He started his criminal career before puberty,convicted of stealing at the age of 11,he went to a boys’ home at Mittagong. He last saw the inside of a school classroom at 13 and at 14 was arrested for attempted break and enter and possession of housebreaking implements. He was further brutalised at a tough juvenile institution in Tamworth. At age 16,he was living with a prostitute and pimping for her.
His idea,which he shared with numerous other toughs he associated with through life,was that he could get by by simply taking what he wanted. But he was never cunning enough to avoid the law. By age 18 he had chalked up seven convictions. Smith was sentenced to four years’ jail for armed robbery. At 22,he participated in a vicious pack rape,for which he was convicted and sentenced to 12 years’ jail.
Smith served seven years before being released in 1975. Arriving by train back in Sydney with £4 in his pocket,he faced a daunting challenge to reestablish himself. In his book,Neddy,written in conjunction with journalist Tom Noble,he said that in jail,“they[fellow inmates] were frightened of me. They looked up to me and even came to me for advice ... but in the big bad world of real people,I was just a nobody like everyone else.” But Smith was not one to accept such adversity.
Among other things,he formed a relationship with 19-year-old Debra Bell,whom he was later to marry and who was to bear him two children. He also realised that at least some police were not the hard-faced upholders of the law,but could be compromising in their attitude,along with others such as law clerk Brian Alexander. The amenability of some police to bribery was so widespread that it soon became a case of buying oneself out of trouble.

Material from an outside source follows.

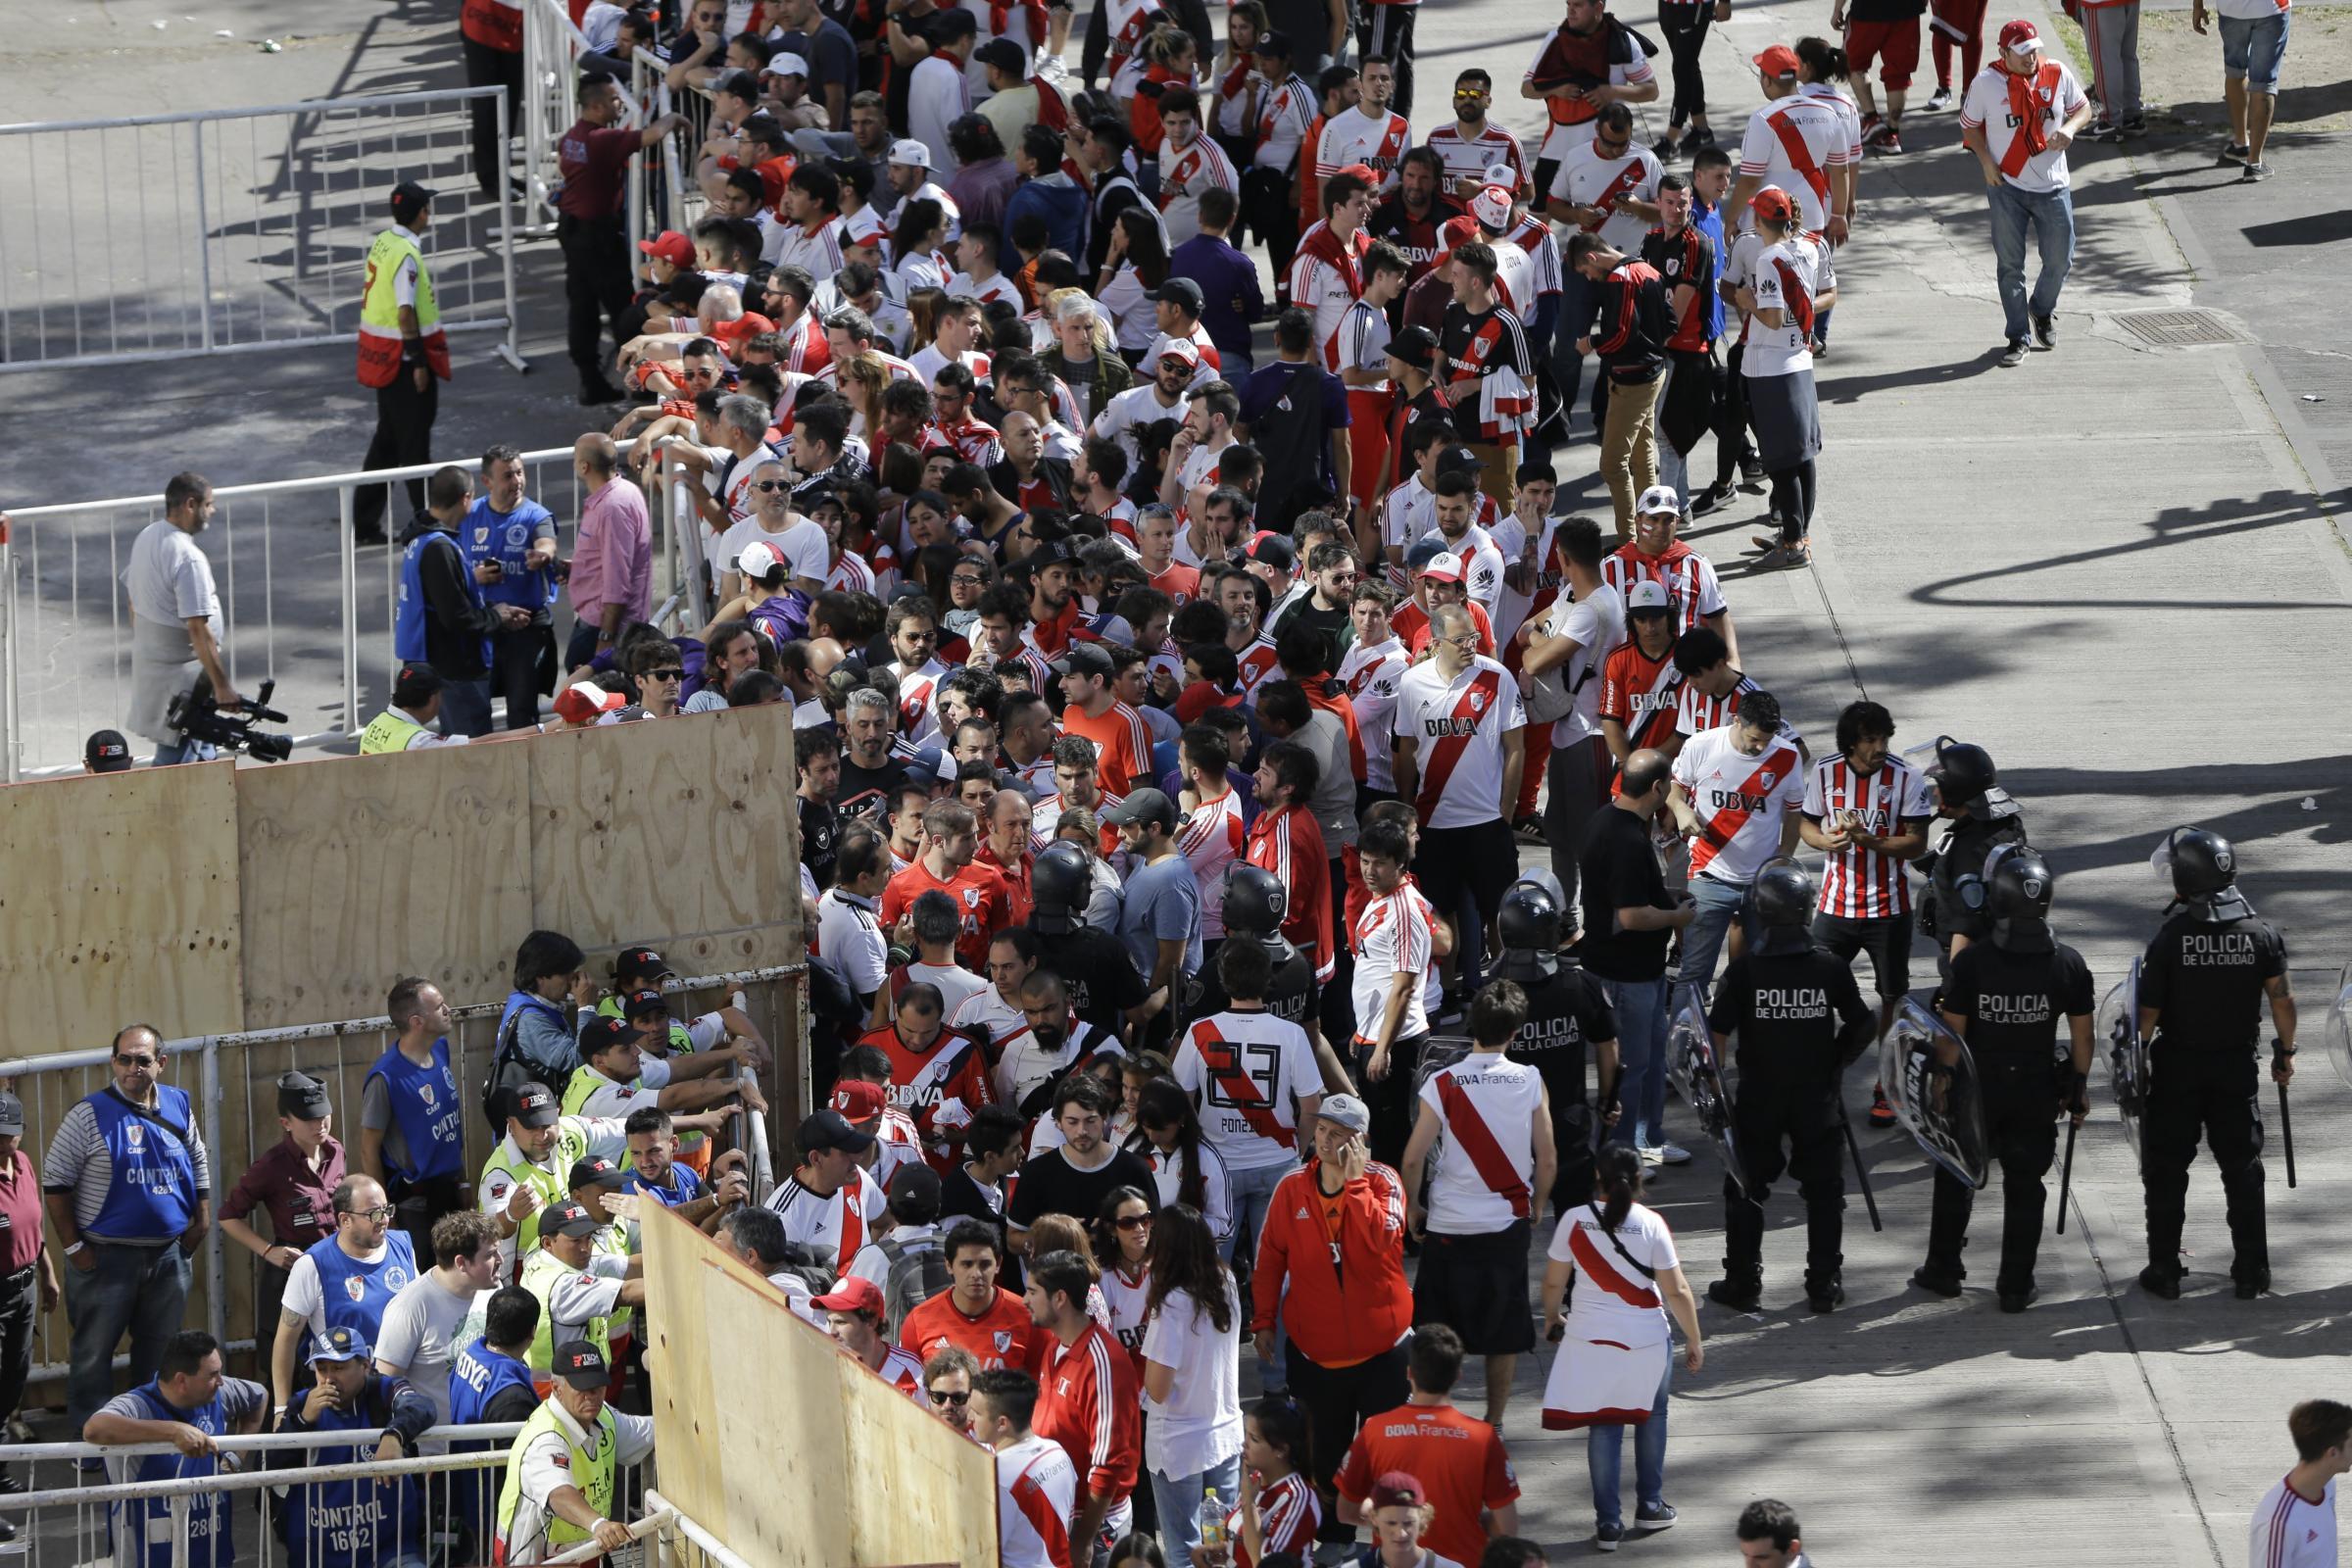 Copa Libertadores最终在对手球迷攻击Boca车队后终止了比赛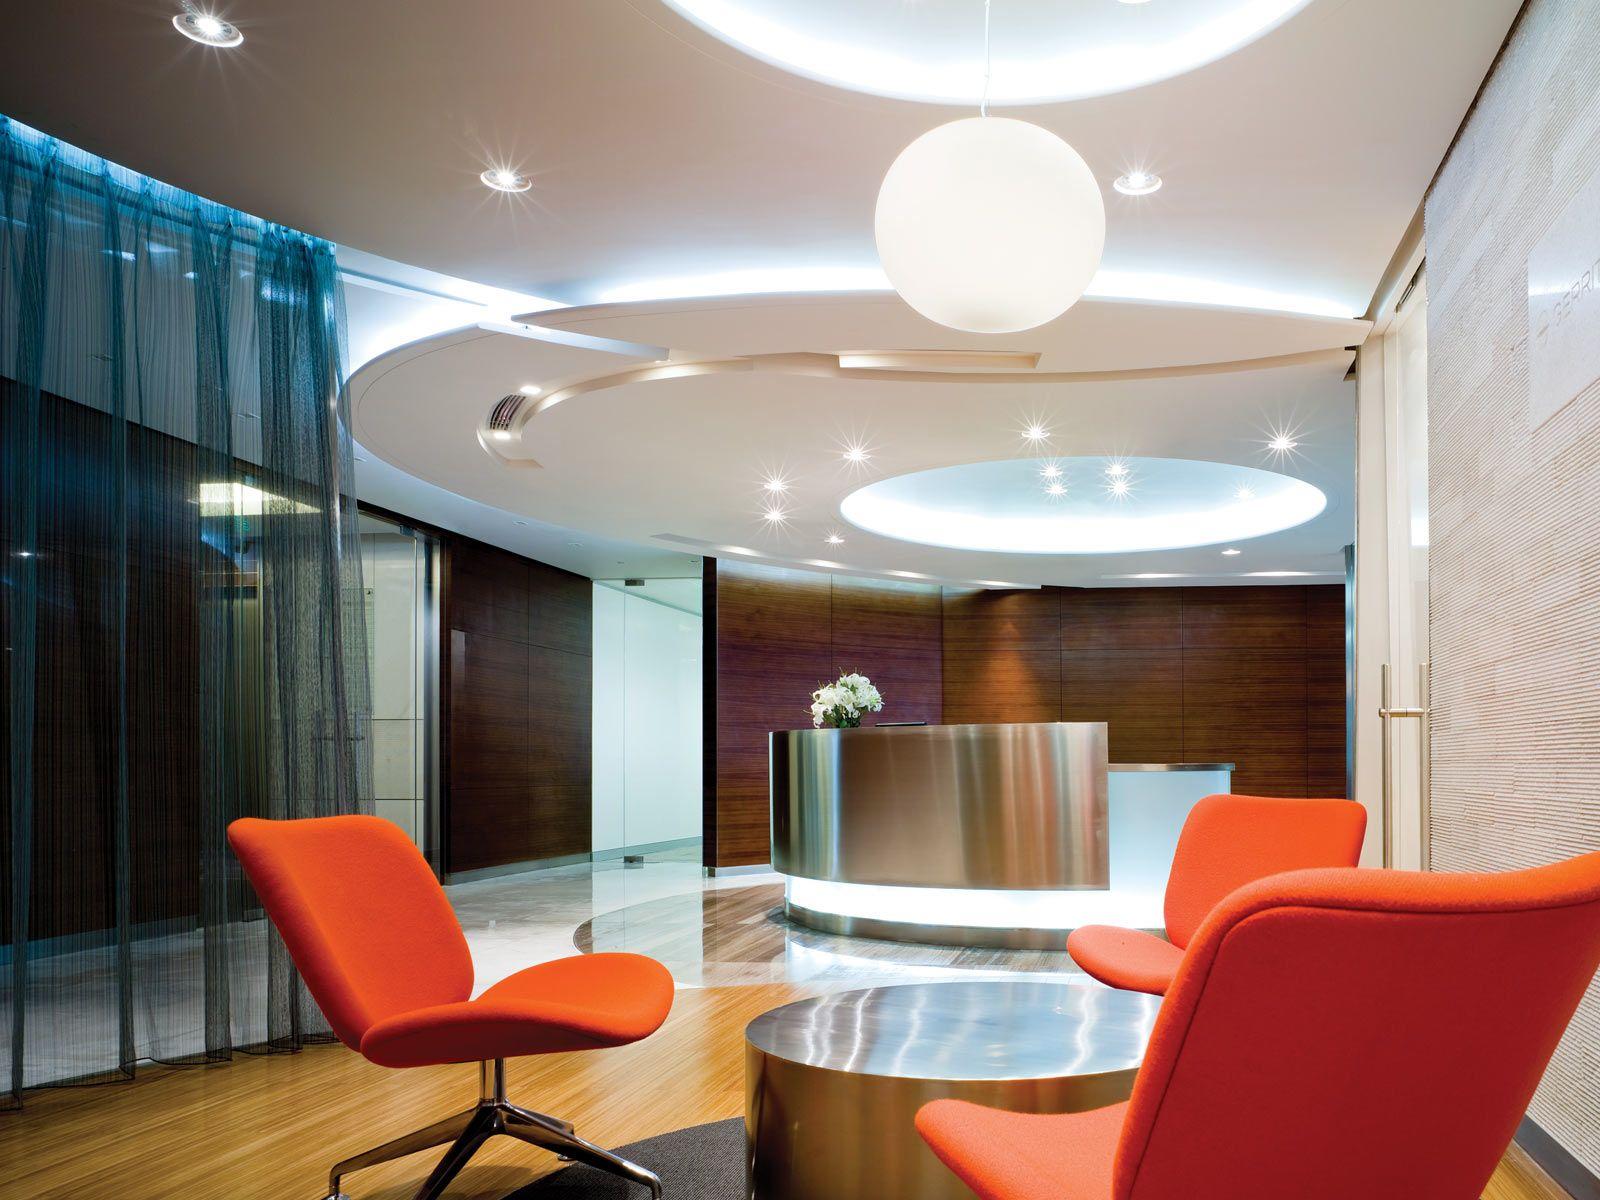 10 Astonishing Lobby Design Ideas That Will Greatly Admire You   Lobby  design  Hotel lobby design and Lobbies. 10 Astonishing Lobby Design Ideas That Will Greatly Admire You

When Smith or one of his mates was guilty of an offence,to Smith it became a “blue” which had to be fixed up. One of his more notorious associations was with the then Detective Sergeant Roger Rogerson. Smith would not have been nearly so successful had police – specifically detectives making up the ranks of the old Criminal Investigation Branch – been prepared to do their job. In fact,he said in his book:“Thank Christ for corruption! I couldn’t have survived without it,nor could the majority of crims who earned their living the hard way!”
Smith got round town with notorious toughs like Graham “Abo” Henry,Glen Flack and Warren Lanfranchi,the latter being the man he escorted to a meeting with Roger Rogerson. Lanfranchi ended up dead,at Rogerson’s hand,though a coroner’s jury was to say Rogerson shot him while attempting an arrest. There was much suspicion about the incident,not just of Rogerson but of other police involved.